* [YOUR OBJECTIVE]:
Leaving out the pictures, please reproduce exactly and only the lines from the one that contains "HAVEN sweater white" through the last line below.

* [INFORMATION PROVIDED]:
== Segment start ==
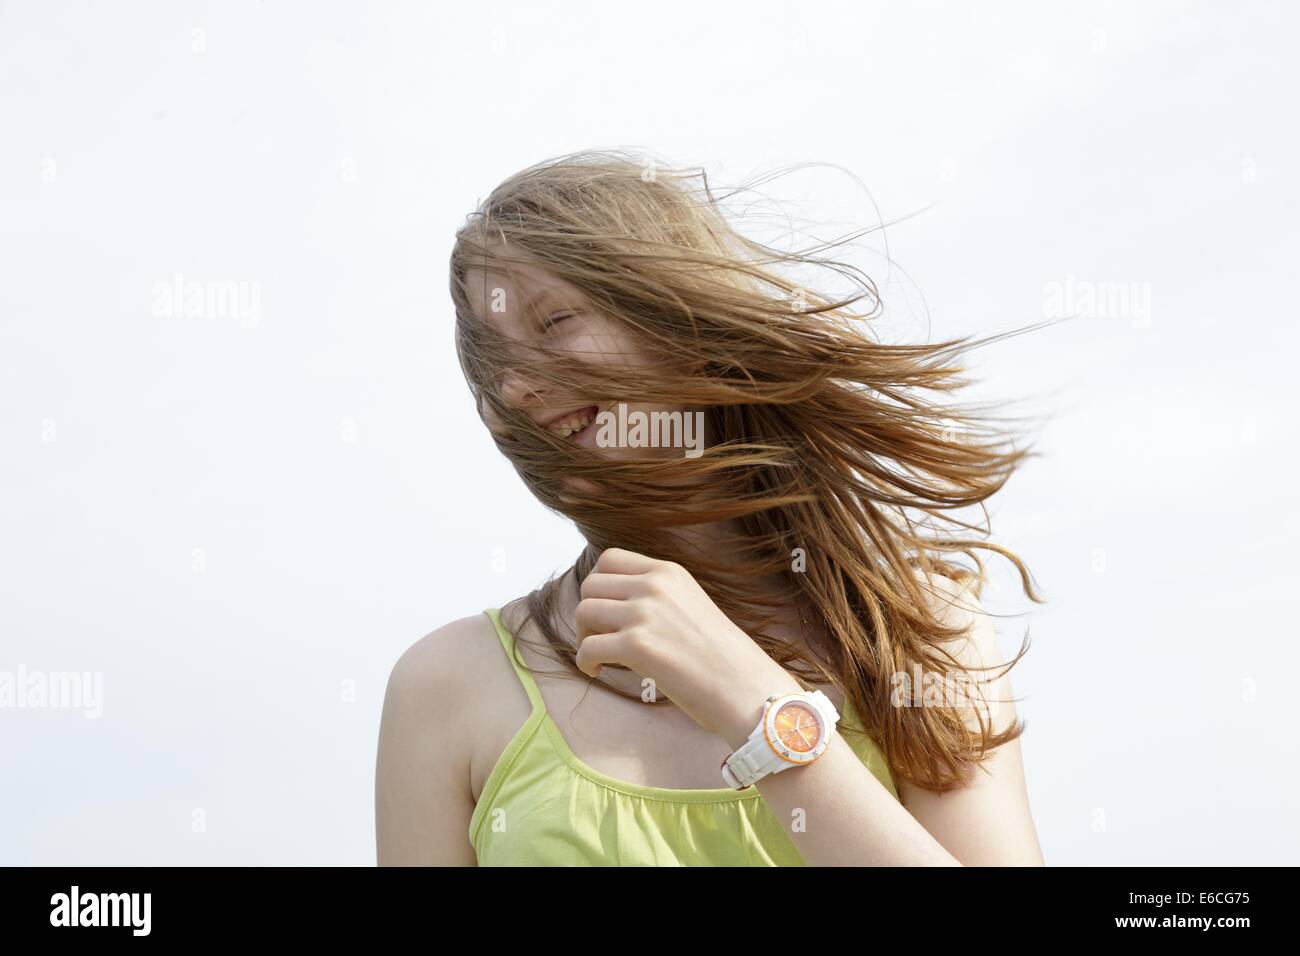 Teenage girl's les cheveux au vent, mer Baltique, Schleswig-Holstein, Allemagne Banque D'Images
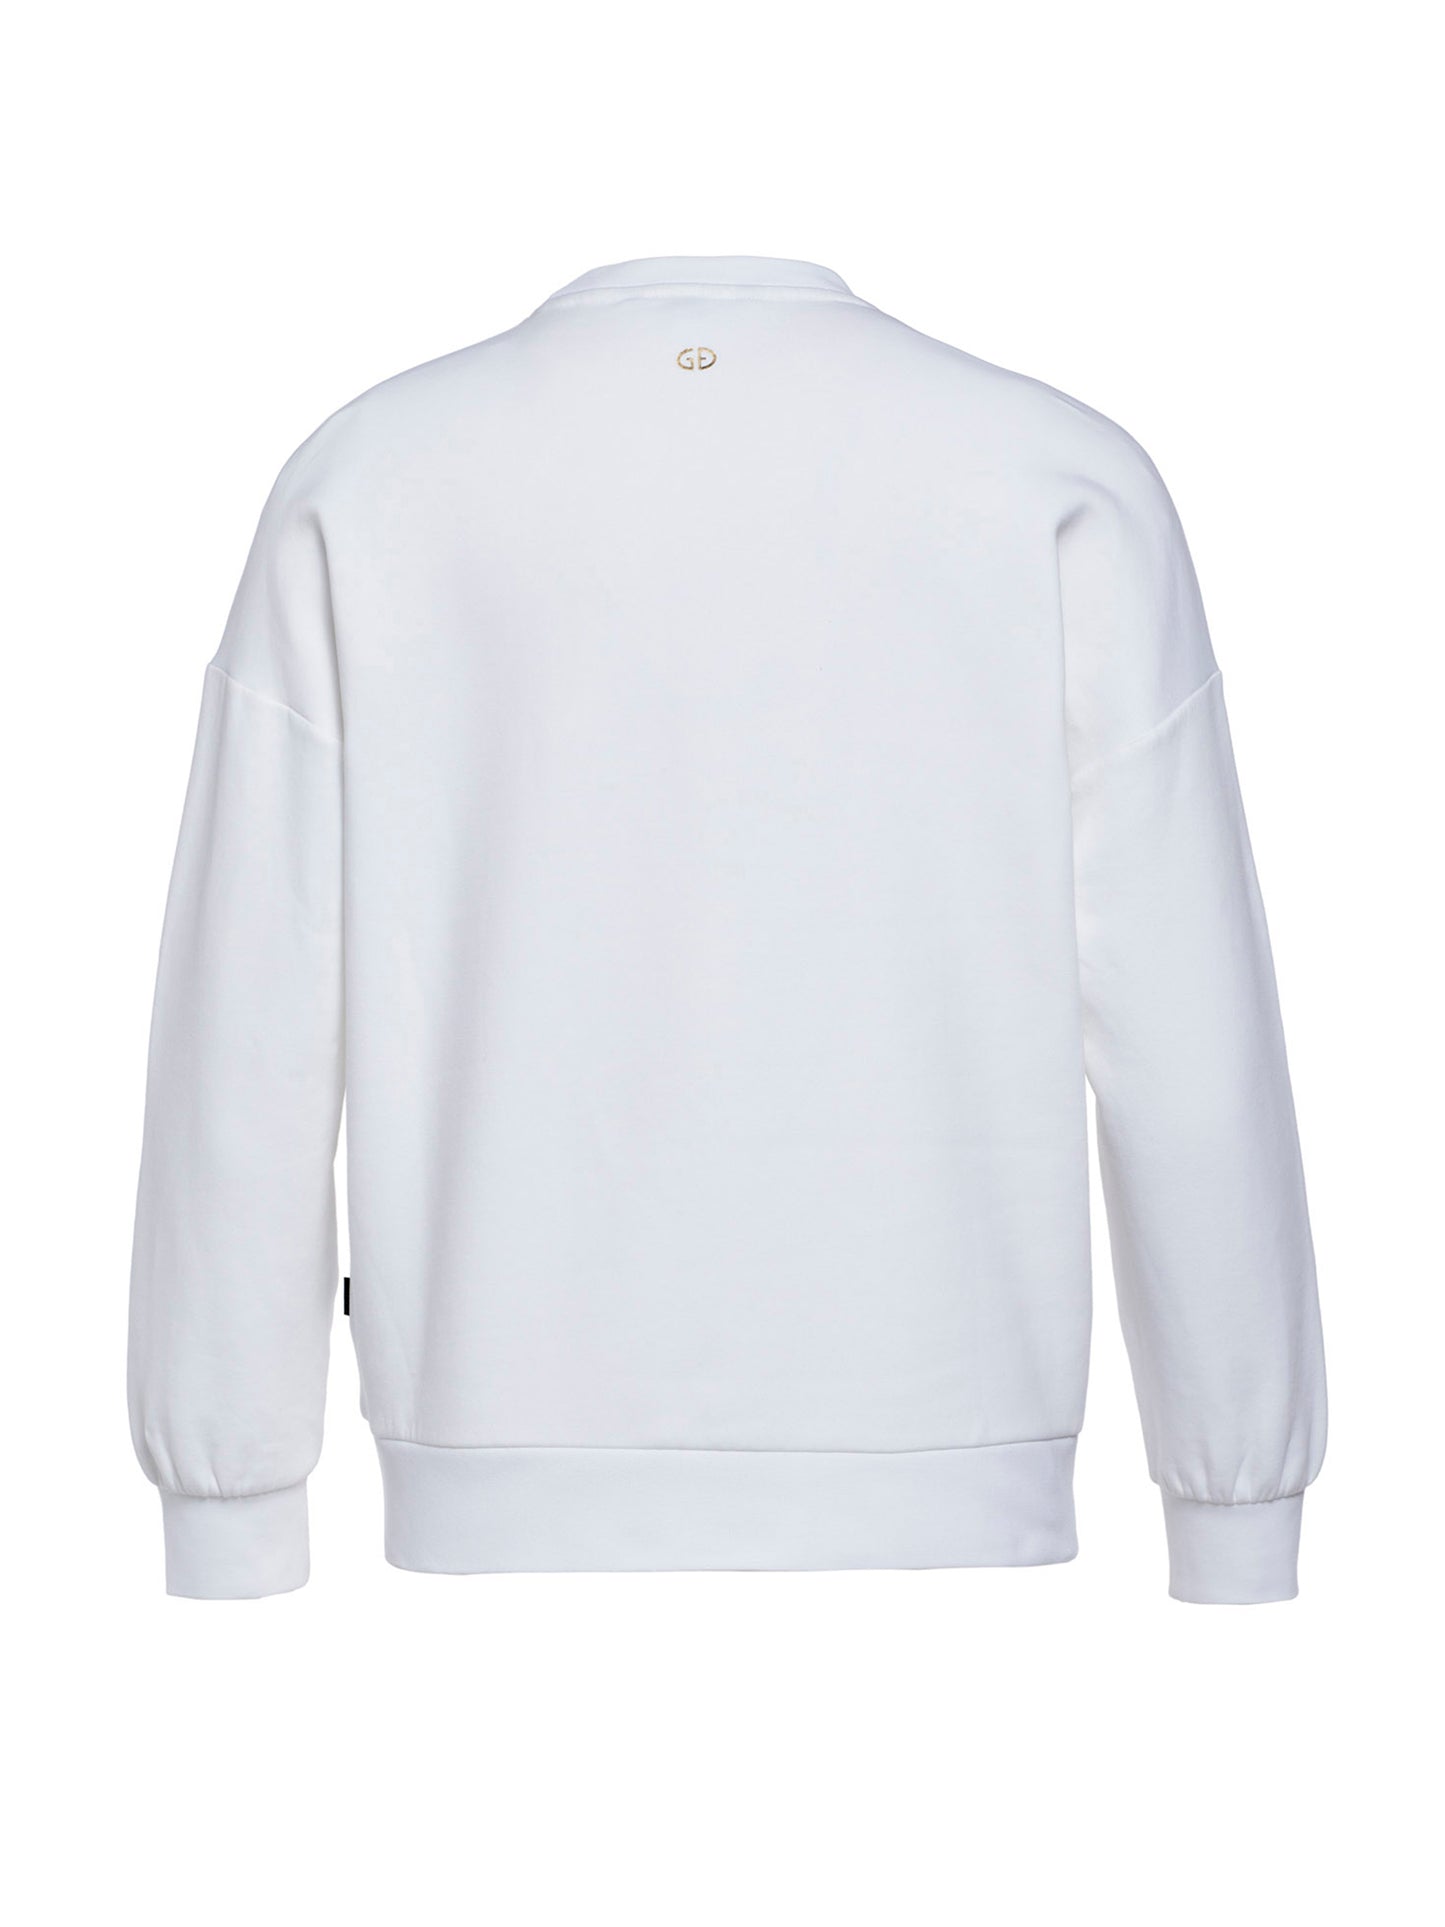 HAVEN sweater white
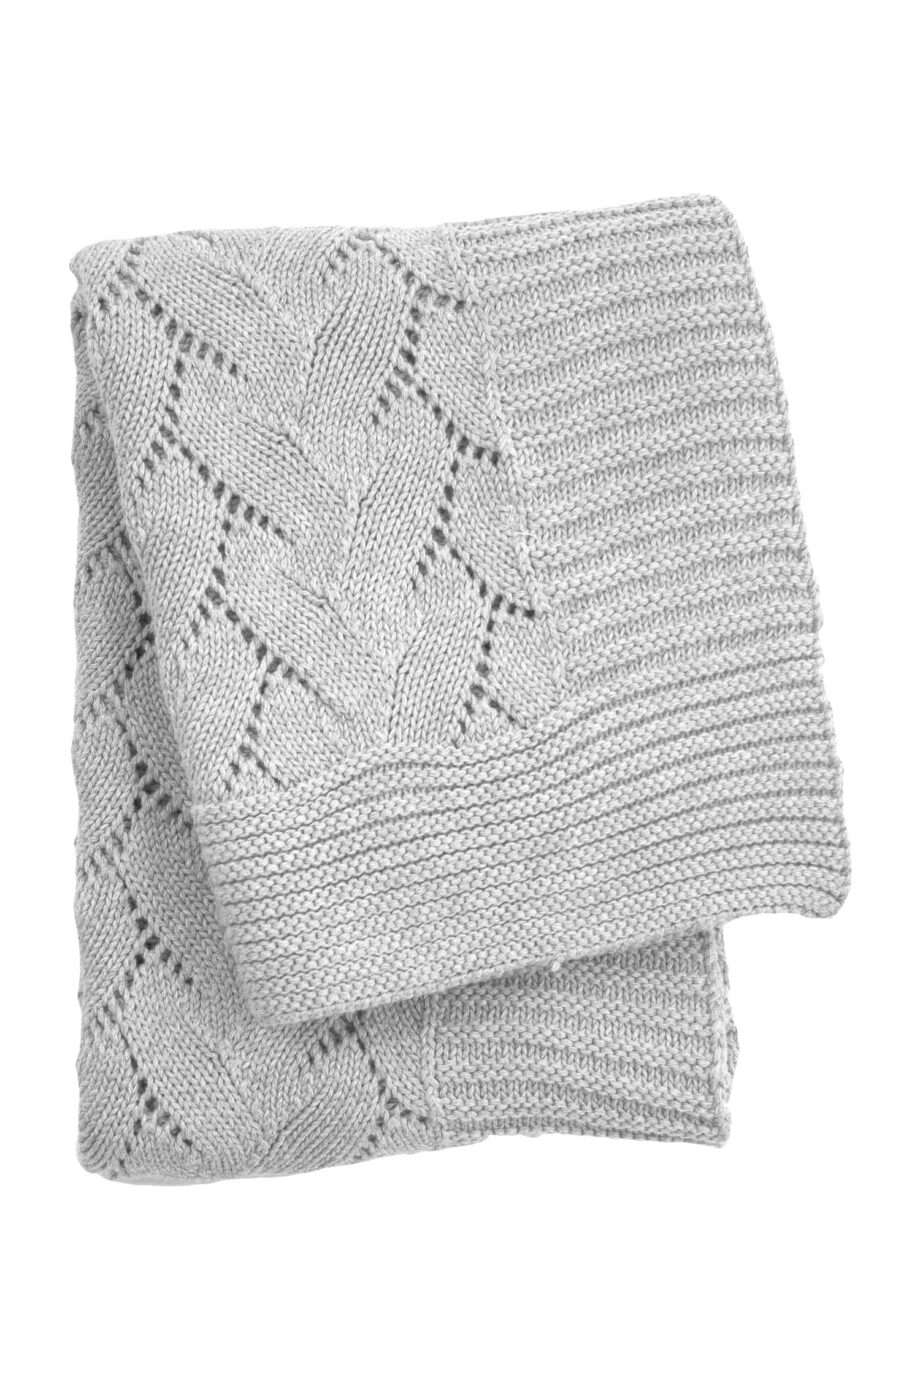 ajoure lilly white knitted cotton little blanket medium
== Segment end ==
* [TASK SOLUTION]:
 HAVEN sweater white
 ajoure lilly white knitted cotton little blanket medium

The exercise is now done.